Limitations of this study

This study analyzed the research papers on antibiotic resistance published in the PubMed database to provide an overview. Through this bibliometric analysis, we aspire to contribute to the ongoing discourse surrounding antibiotic resistance, fostering a deeper understanding of the current state of knowledge while fostering collaboration and innovation in the scientific community. As we navigate the intricate web of publications, citations, and collaborations, we endeavor to uncover insights that will ultimately help safeguard the efficacy of antibiotics for generations to come. The study's main limitation is that only one database was considered for the analysis, as it is not possible to merge the data from two different databases for analysis. Another limitation is that the citation analysis is not included as data from the PubMed database doesn't support such analysis. Moreover, assessing the relevance of each article is impractical due to the large volume of articles. Nevertheless, this study provides a comprehensive analysis of the literature on antibiotic resistance.

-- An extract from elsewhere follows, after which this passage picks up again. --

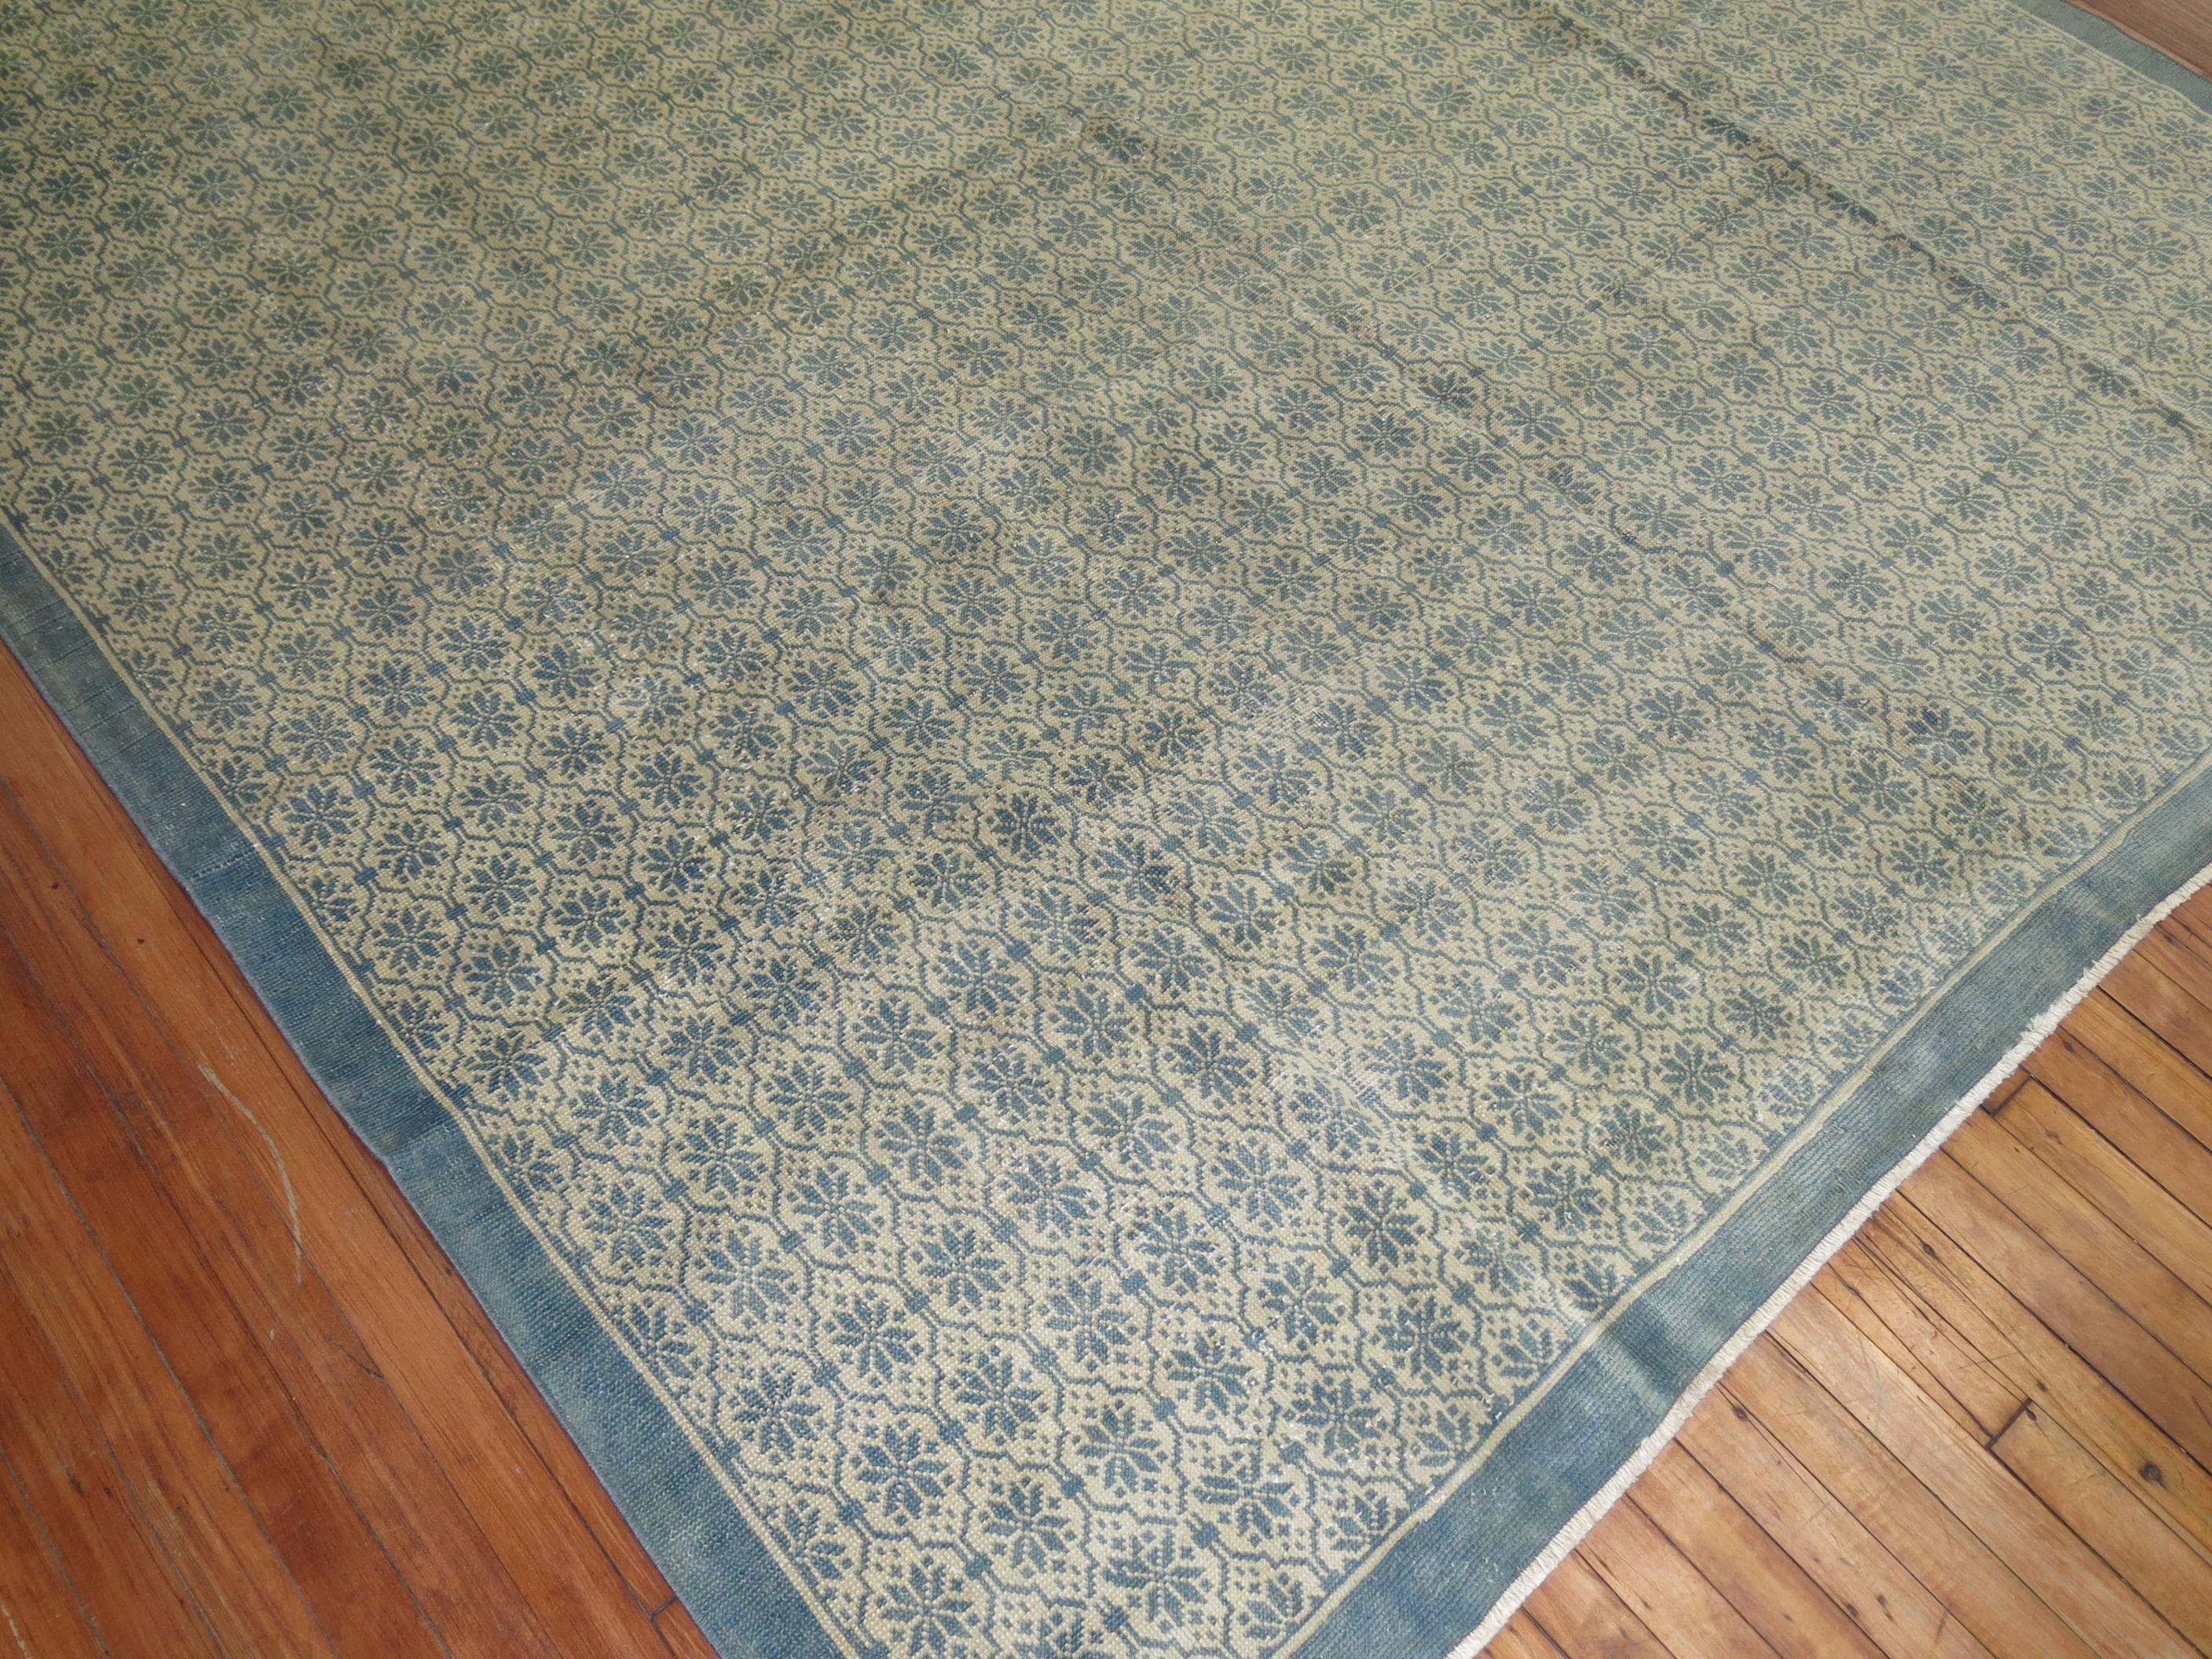 Vintage Turkish Rug in Clear Blues and White 1

Future study recommendation

Future research in antibiotic resistance should focus on exploring the molecular and genetic aspects of resistance evolution, particularly in identifying novel resistance patterns. Additionally, there is a need for in-depth investigations into the efficacy and impact of combination antibacterial therapies, with a specific emphasis on addressing multiple bacterial strains. Understanding the role of the human microbiome in antibiotic resistance and its implications for personalized treatment approaches is crucial. The identified keyword clusters, including HIV infections, Helicobacter infections, and specific antibiotics, warrant further investigation to uncover nuanced connections. International collaboration remains essential, and future studies should aim to foster global partnerships to consider regional variations in antibiotic resistance dynamics. Lastly, integrating advanced technologies like artificial intelligence and machine learning in research methodologies could enhance the efficiency and depth of studies, providing innovative solutions to combat antibiotic resistance effectively.

Conclusions

The publication of RCTs in antibiotic resistance research displayed a fluctuating distribution pattern from 1965 to 2023, peaking in 2014 with notable surges in 1993-1994 and 2002-2003, along with declines in 1990-1991 and 2007-2008 and a persistent decrease post 2018. The University of California emerged as the leading institution, followed by the University of Oxford, the University of Washington, and Gilead Sciences. The journal, "Antimicrobial Agents and Chemotherapy," emerged as the ultimate source, followed by the "Journal of Antimicrobial Chemotherapy." The annual growth rate is 1.2%, with 97 single-authored documents, an average of 8.76 co-authors per document, and 8.886% international co-authorships. Analysis of MeSH keywords highlighted the prevalence of double-blind clinical trials and significant keywords such as HIV infections, Helicobacter infections, metronidazole, and amoxicillin. Less commonly utilized keywords include drugs such as penicillin, methicillin, azithromycin, clindamycin, fluoroquinolones, gatifloxacin, sulfonamides, nevirapine, stavudine, levofloxacin, meropenem, isoniazid, and pyrazinamide. The trend analysis revealed a chronological progression in research focus from penicillin to HIV and Helicobacter drug therapies, culminating in combination antibacterial therapy for multiple bacterial strains. Most antibiotic resistance publications are single-country endeavors, with the United States leading in collaboration frequency. The decrease in RCTs observed over the past five years is a cause for concern. Additional research is necessary to address this pressing issue comprehensively.